▶ PROBLEM DESCRIPTION
Beginning with the line that holds "Our Downtown Miami", write out each line exactly as it stands until the end of the data, and include no pictures.

▶ COLLECTED MATERIAL
=== Begin Enclosure ===

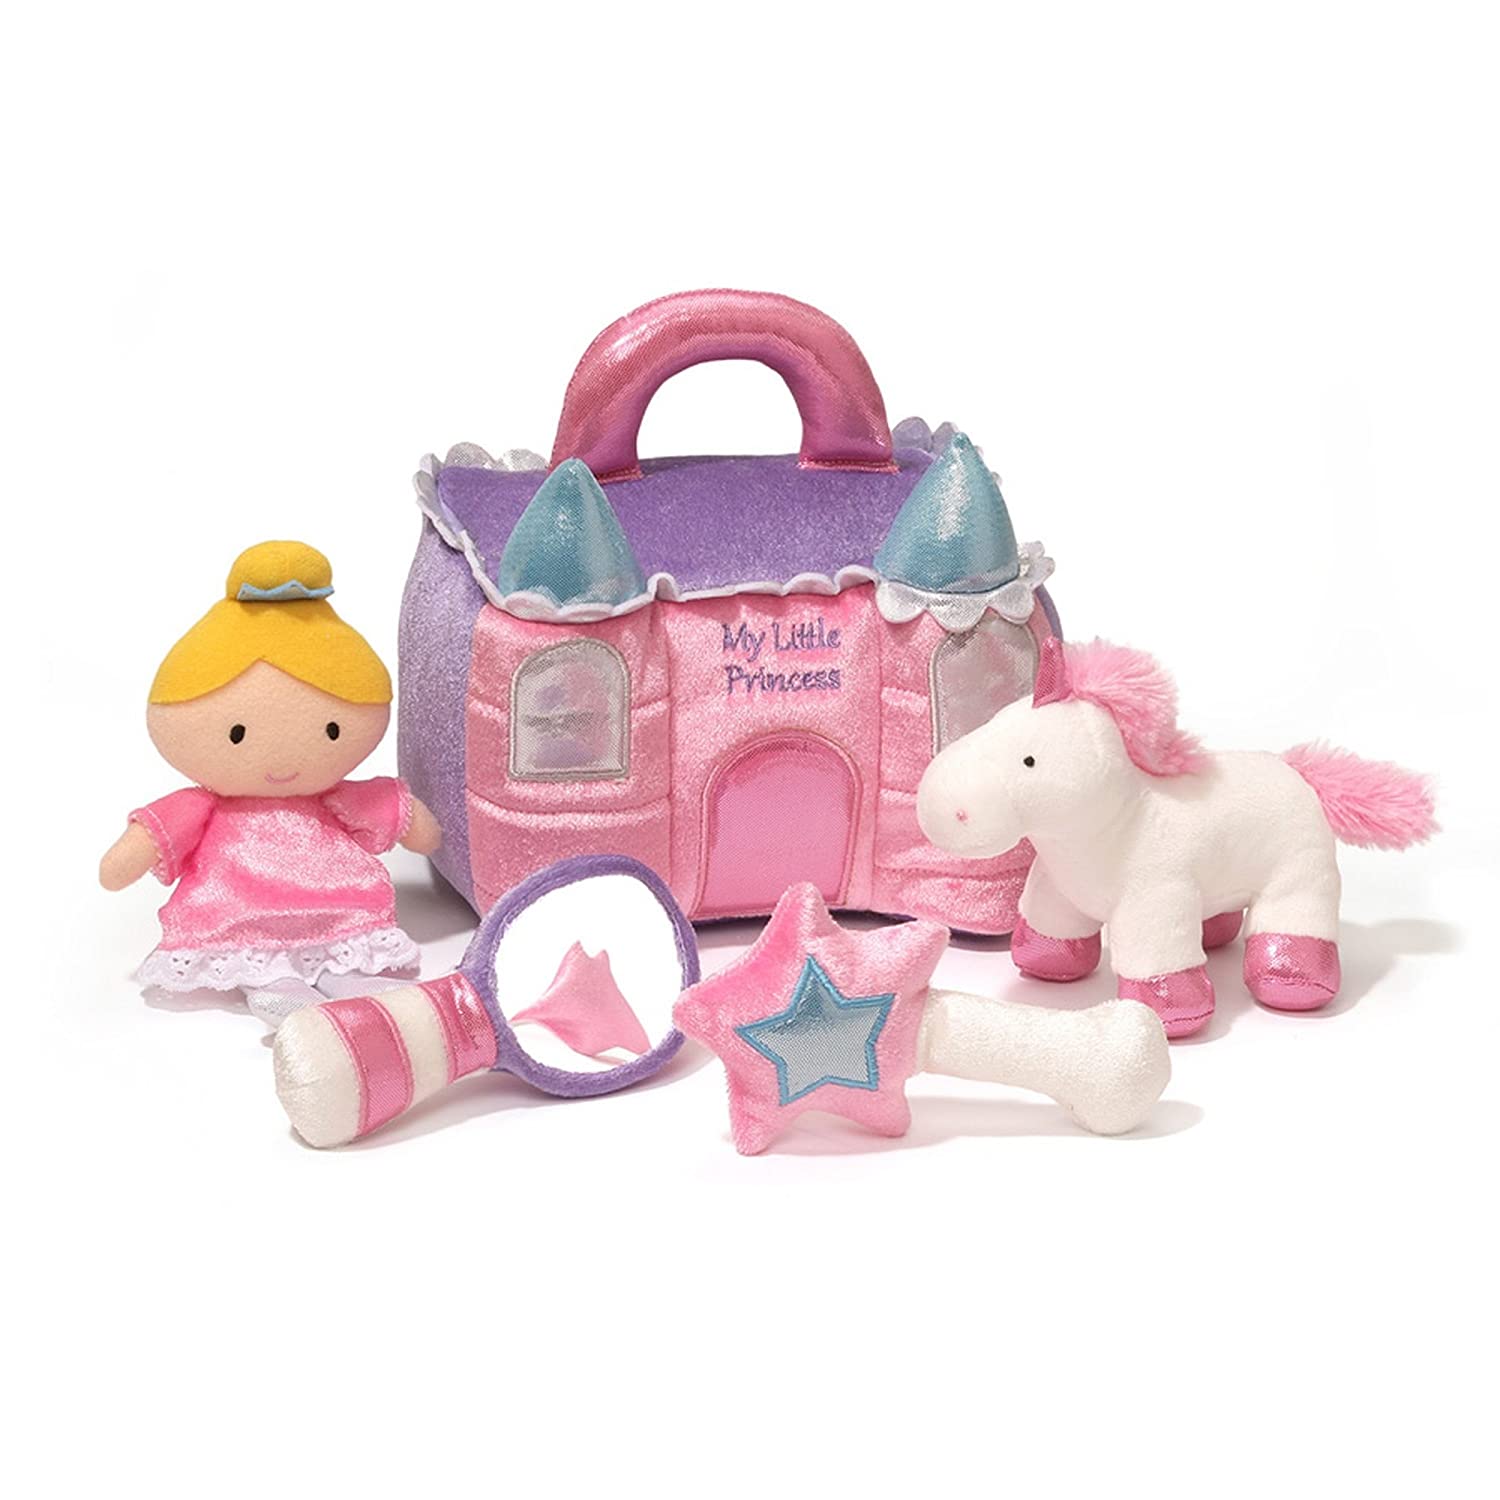 23 Best Unicorn Toys and Gifts for Girls 2022 - Review & Buying Guide 12
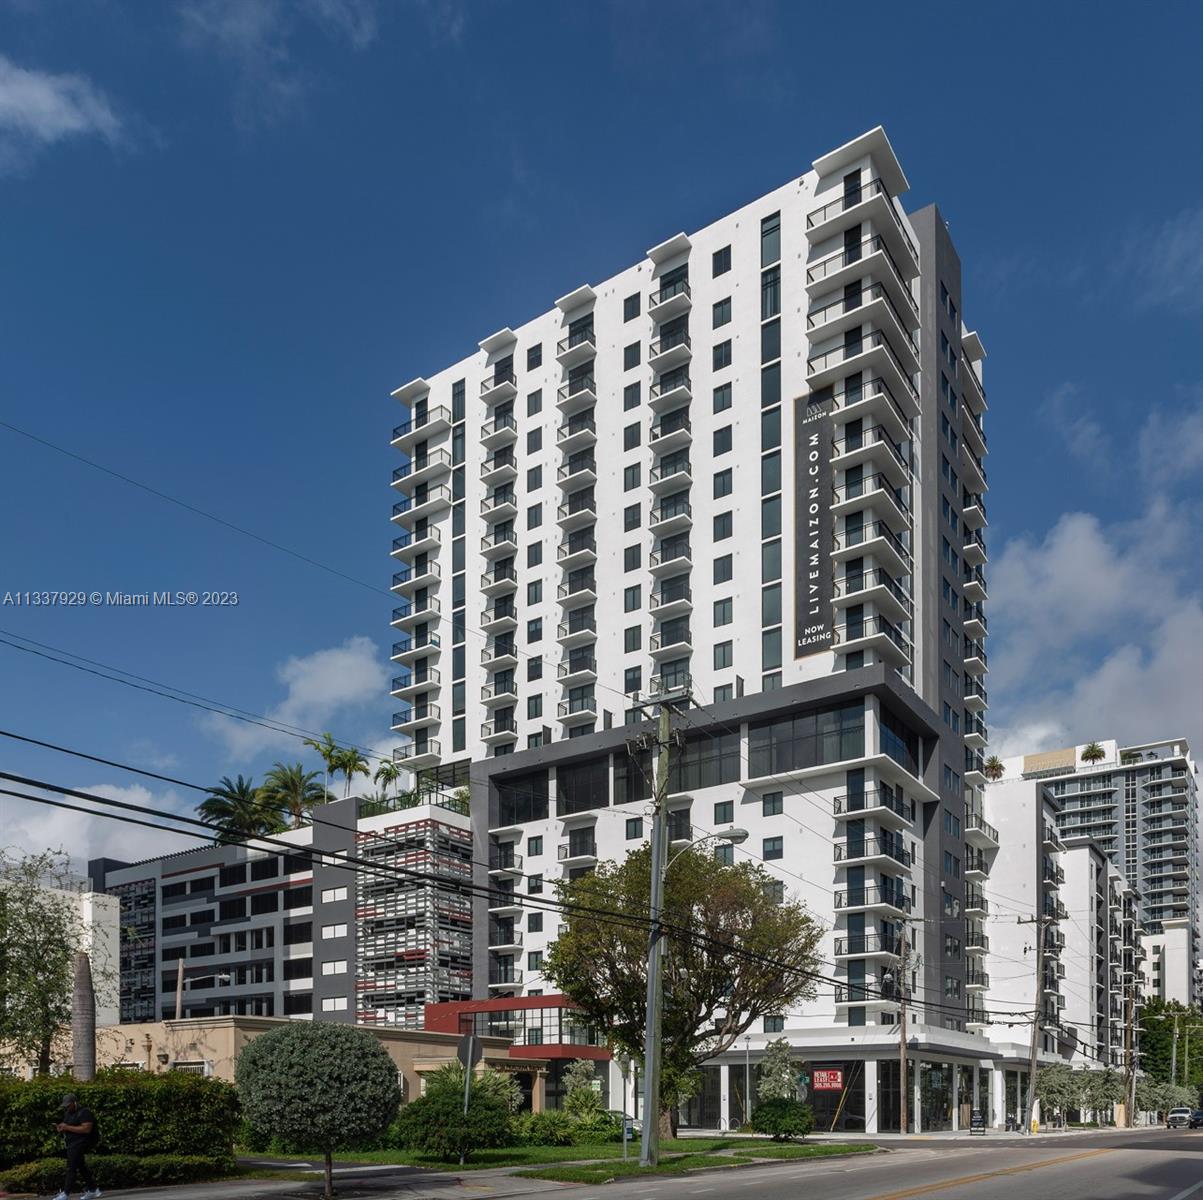 Our Downtown Miami apartments are perfectly situated in the upscale Brickell neighborhood where everything you need for a luxury lifestyle is at your fingertips. With a walk score of 84, residents of Maizon Brickell can explore local restaurants, boutiques, and chic rooftop bars on foot. Maizon Brickell features an 8th floor dedicated to amazing community amenities, including a resident lounge, e-kitchen, pool and sundeck with stunning views of the cityscape and Biscayne Bay. We offer a variety of floor plans, including studio, one bedroom, and two-bedroom homes, and penthouse options are also available. Each of our luxury apartments feature European-style kitchens with quartz countertops, stainless steel appliances, private balconies, NEST thermostats, and electronic unit entries.
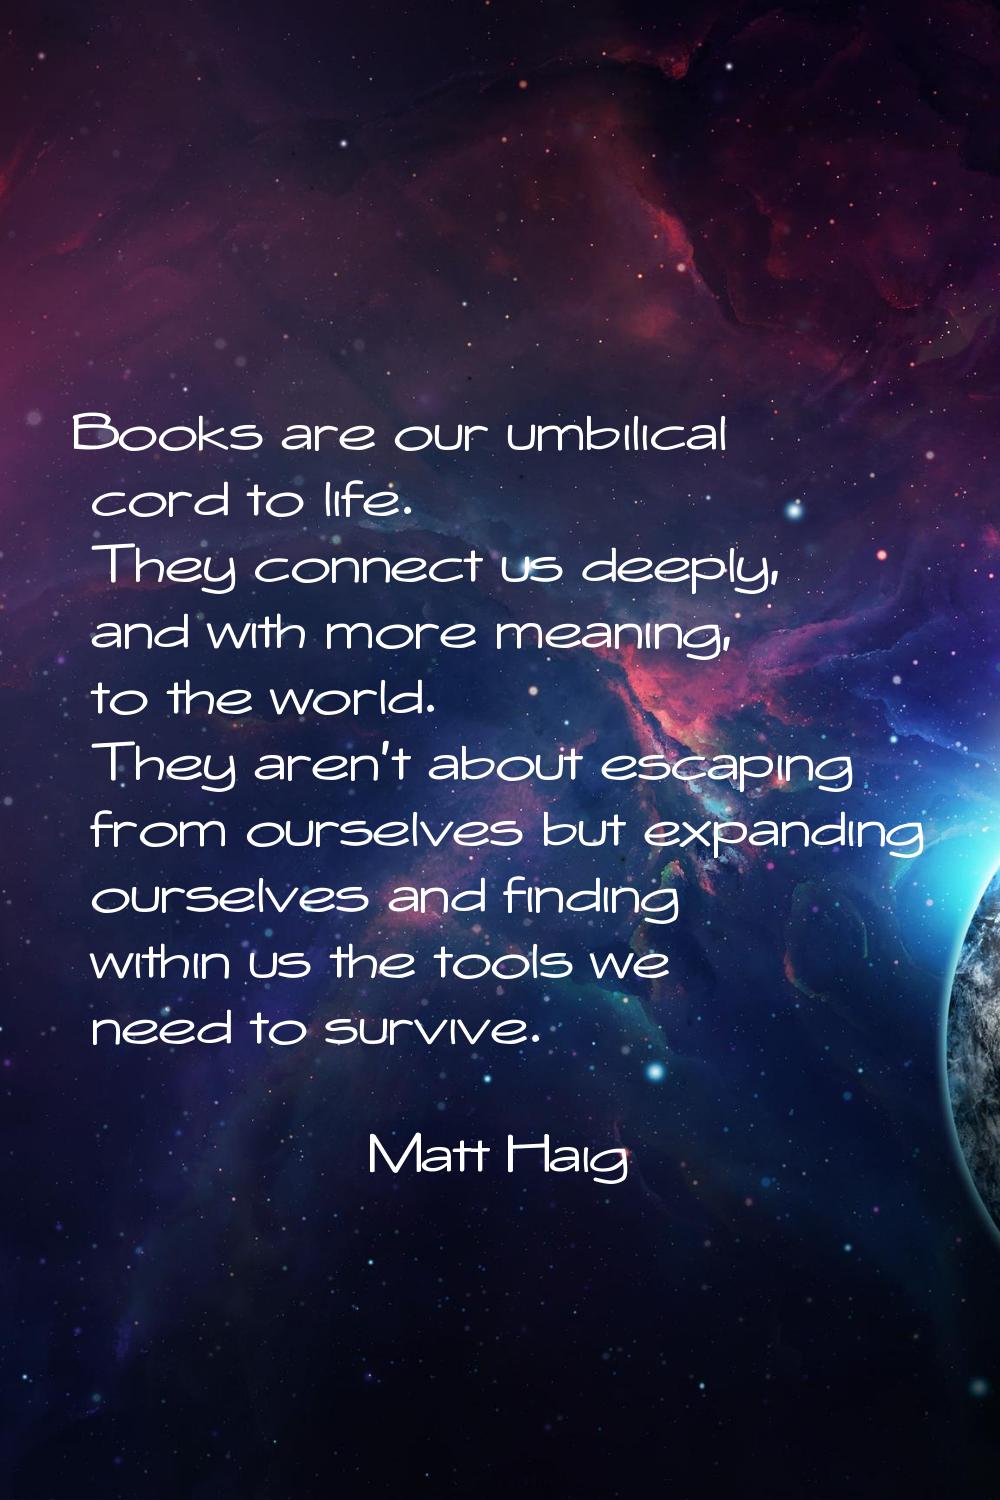 Books are our umbilical cord to life. They connect us deeply, and with more meaning, to the world. 
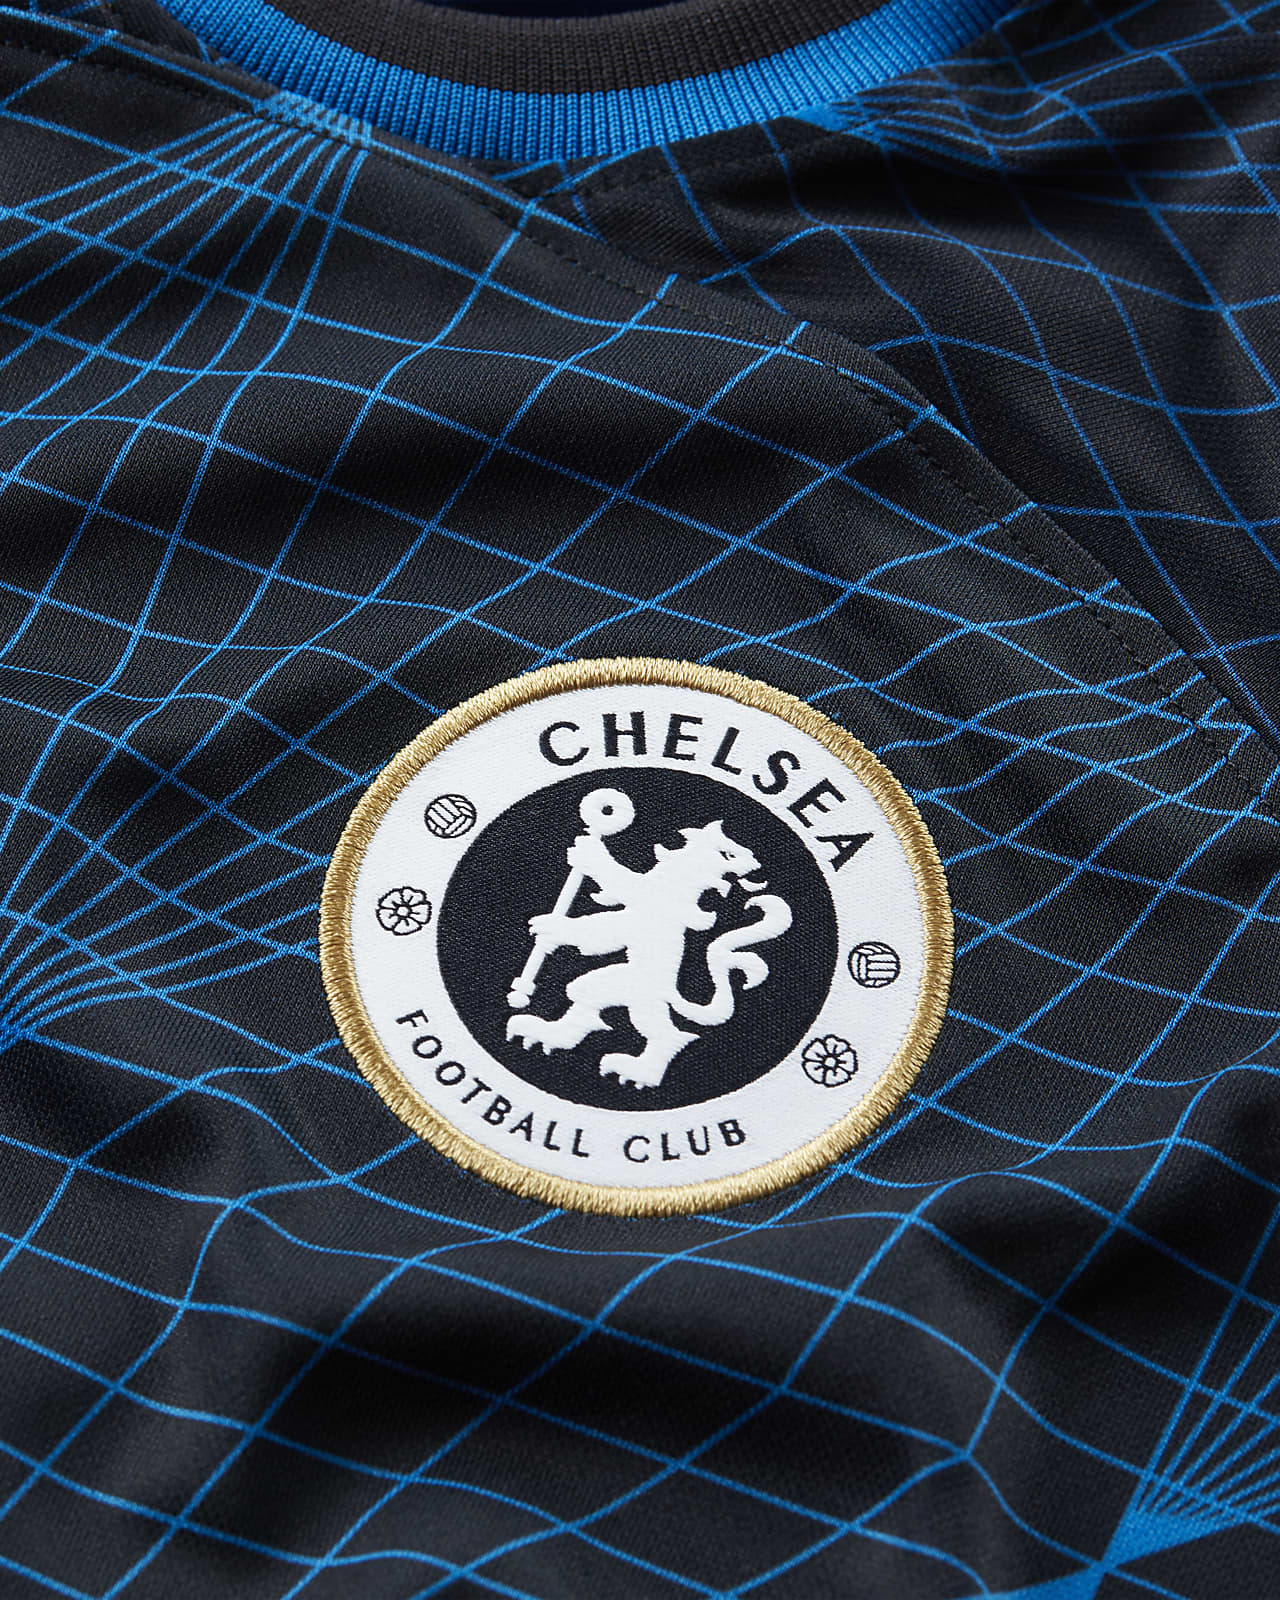 Nike Football Chelsea FC 2020/21 stadium home jersey in blue

=== End Enclosure ===

▶ WRITTEN SOLUTION
 Our Downtown Miami apartments are perfectly situated in the upscale Brickell neighborhood where everything you need for a luxury lifestyle is at your fingertips. With a walk score of 84, residents of Maizon Brickell can explore local restaurants, boutiques, and chic rooftop bars on foot. Maizon Brickell features an 8th floor dedicated to amazing community amenities, including a resident lounge, e-kitchen, pool and sundeck with stunning views of the cityscape and Biscayne Bay. We offer a variety of floor plans, including studio, one bedroom, and two-bedroom homes, and penthouse options are also available. Each of our luxury apartments feature European-style kitchens with quartz countertops, stainless steel appliances, private balconies, NEST thermostats, and electronic unit entries.
 Books are our umbilical cord to life. They connect us deeply, and with more meaning, to the world. 
 Nike Football Chelsea FC 2020/21 stadium home jersey in blue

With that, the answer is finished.